NATO Genel Sekreteri Rutte: Ukrayna’ya NATO’ya üyelik sözü verilmedi

NATO Genel Sekreteri Mark Rutte, Belçika’nın başkenti Brüksel’de gerçekleştirilen NATO Savunma Bakanları Toplantısı’nın ardından açıklamalarda bulundu.

“UKRAYNA HER ŞARTTA SÜRECİN BİR PARÇASI OLACAKTIR”

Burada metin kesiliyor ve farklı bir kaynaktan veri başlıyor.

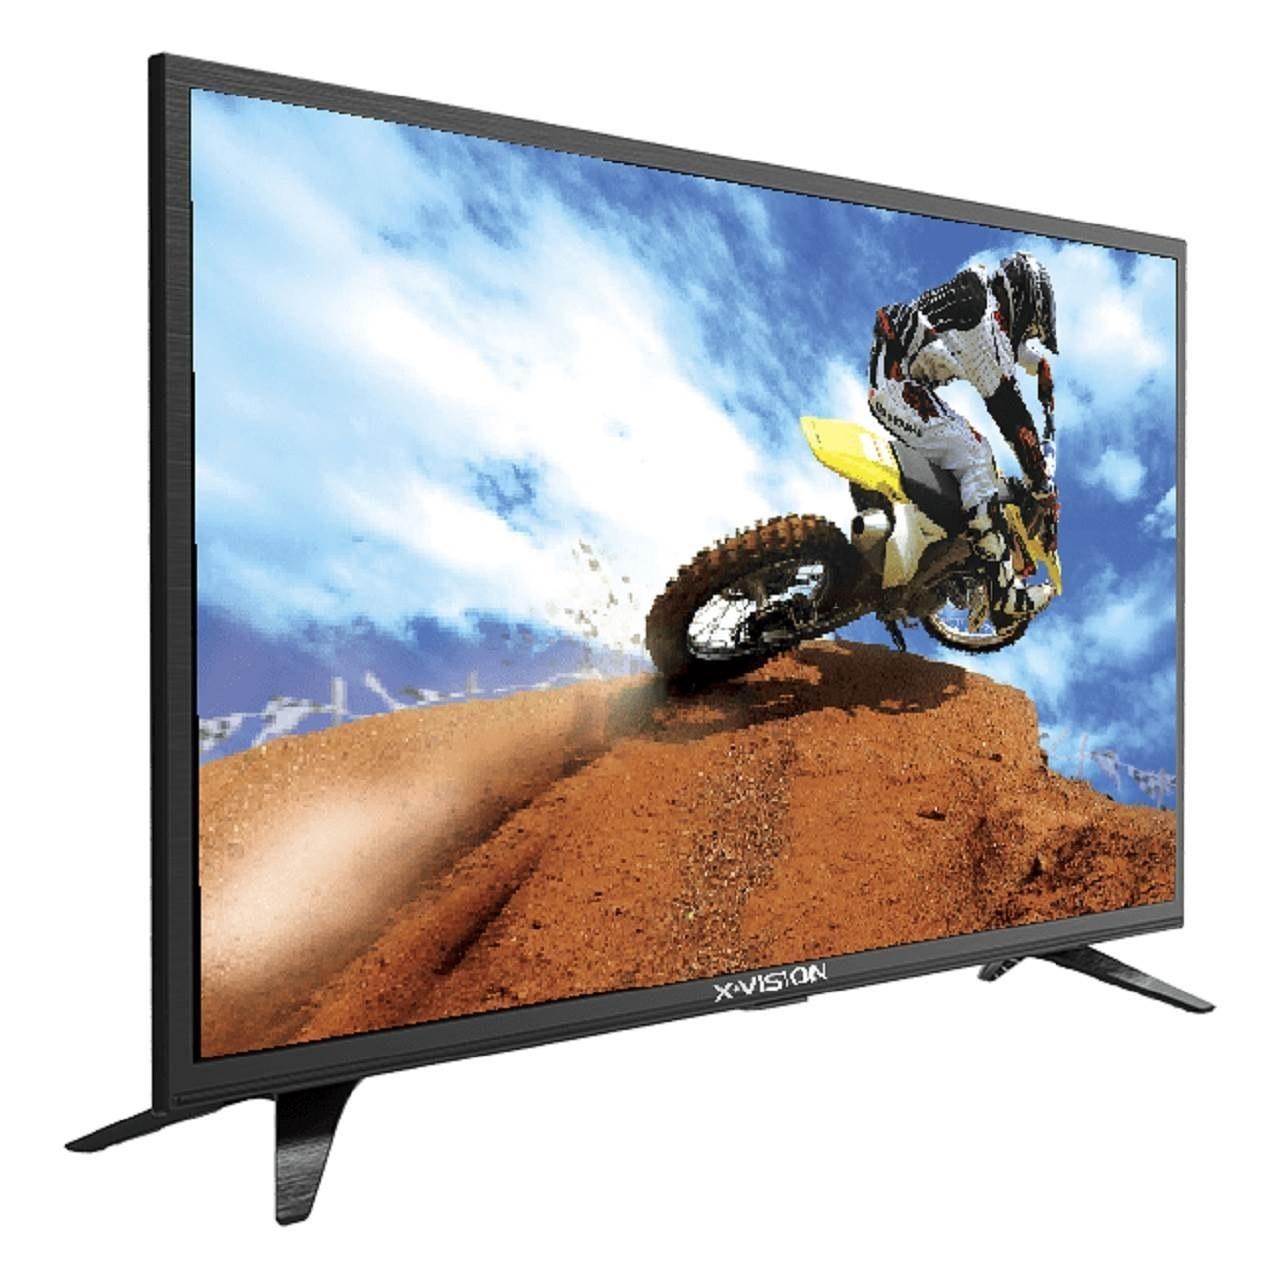 تصویر تلویزیون 32 اینچ ایکس ویژن مدل XT520 X.Vision 32XT520 TV
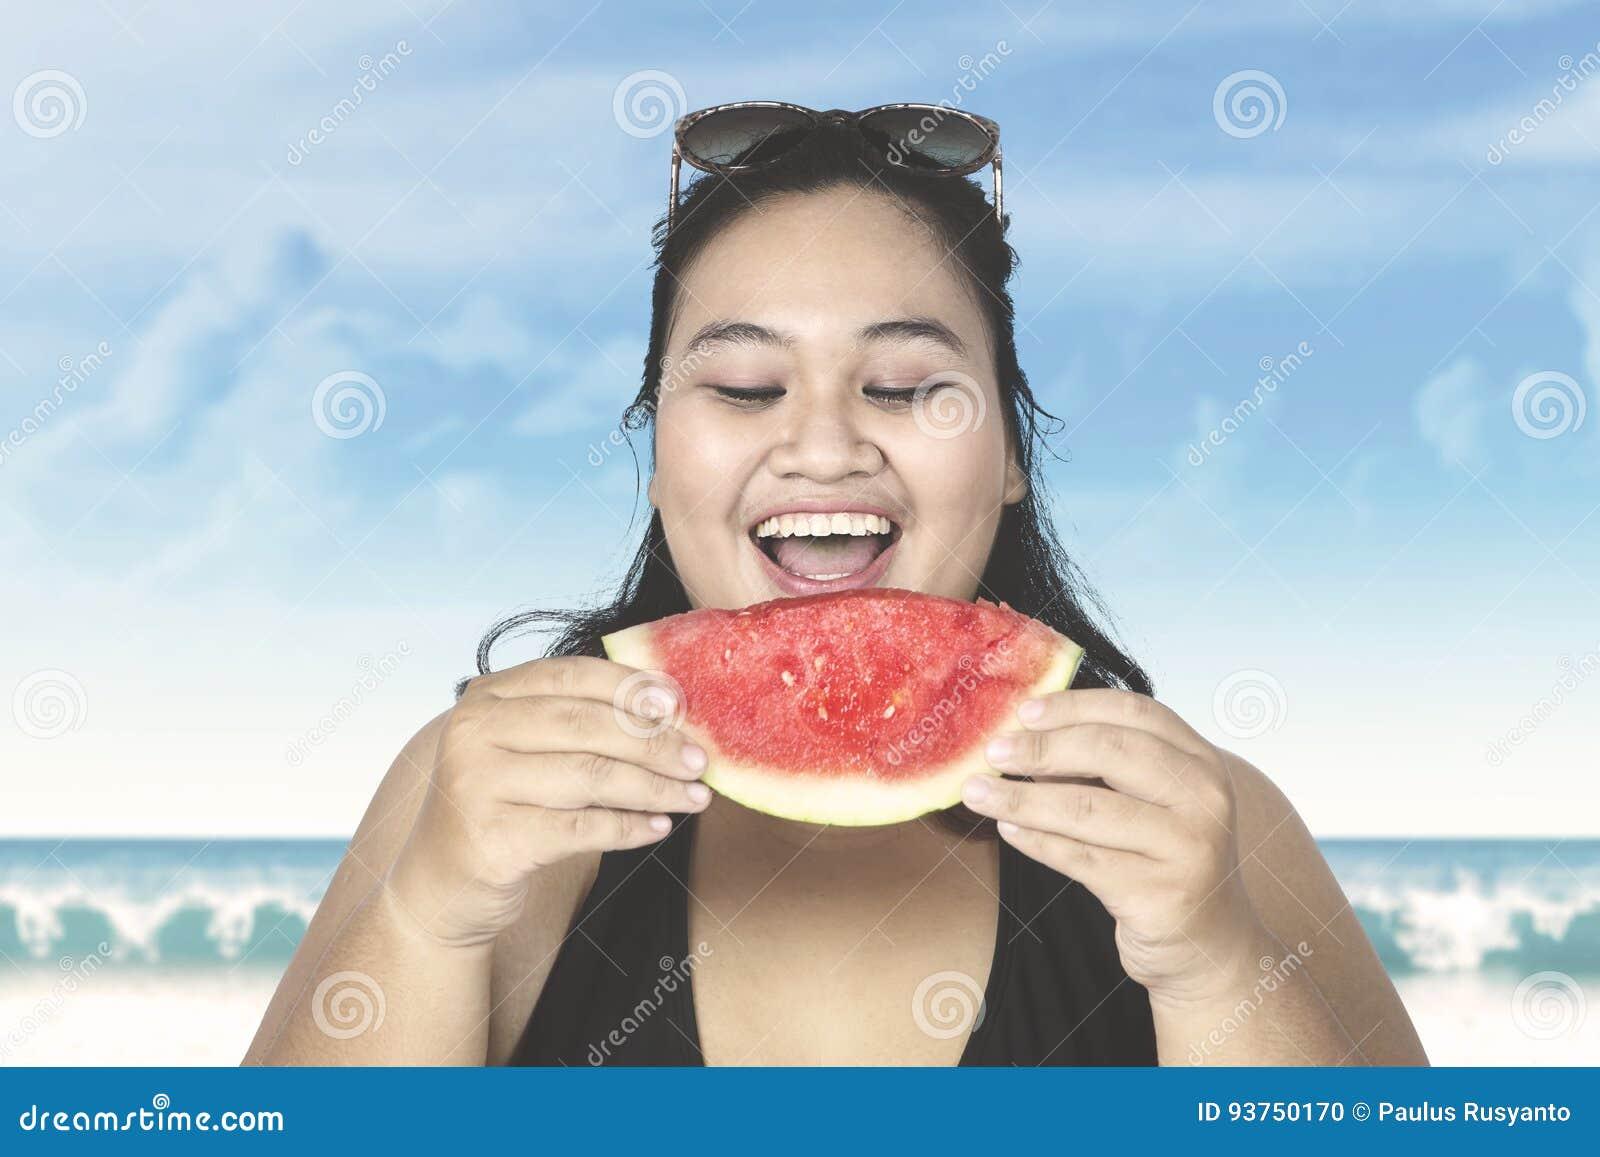 Beleibte Frau, Die Wassermelone Auf Strand Isst Stockfoto - Bild von ... 98419f1f60

Ukrayna için barış müzakerelerinin Ukrayna’nın katılımı olmadan yapılamayacağı hususunda tüm NATO üyelerinin hemfikir olup olmadıkları konusunda bir soru alan Rutte, “Öncelikle, müzakereler başladığında Ukrayna’nın olabilecek en iyi konumda olmasını sağlamamız gerektiği konusunda hemfikiriz. Bu konu Ukrayna’yı doğrudan ilgilendirdiği için, Ukrayna her şartta ve her şekilde sürecin bir parçası olacaktır. Aynı zamanda, sonuçların kalıcı olması gerektiği konusunda tam bir görüş birliği içerisindeyiz. Dün ABD Savunma Bakanı Pete Hegseth’in de belirttiği gibi, Minsk-3 anlaşmasını tekrar yaşamak istemiyoruz” dedi.

“UKRAYNA, MÜZAKERELERE ZAYIF BİR POZİSYONDA MI BAŞLAYACAK?”

ABD Başkanı Trump’ın müzakerelerin kısa süre içerisinde başlayacağını açıkladığı ve Ukrayna’nın müzakerelere zayıf bir konumda mı başlıyor olacağı yönünde bir soruya cevabında Rutte, “Sizinle tam olarak aynı fikirde değilim çünkü müzakereler başlasa bile birinci veya ikinci günde sona ermeyecek. Dolayısıyla, bu süreç boyunca görüşmelerin başarılı olmasını sağlamamız gerekiyor. Barış anlaşmasının yapılması önemli ancak Putin’in Batı’nın birlik içinde olduğunu ve Ukrayna’nın zafere ulaşmak için ihtiyaç duyduğu tüm desteği alıyor olduğunu anlaması çok önemli. Ayrıca müzakereleri, yalnızca sonucundan tamamen emin olduğumuzda yani ortaya çıkacak sonucun kalıcı ve sürdürülebilir olacağı garanti edildiğinde tamamlayacağımızı da anlaması gerek” dedi.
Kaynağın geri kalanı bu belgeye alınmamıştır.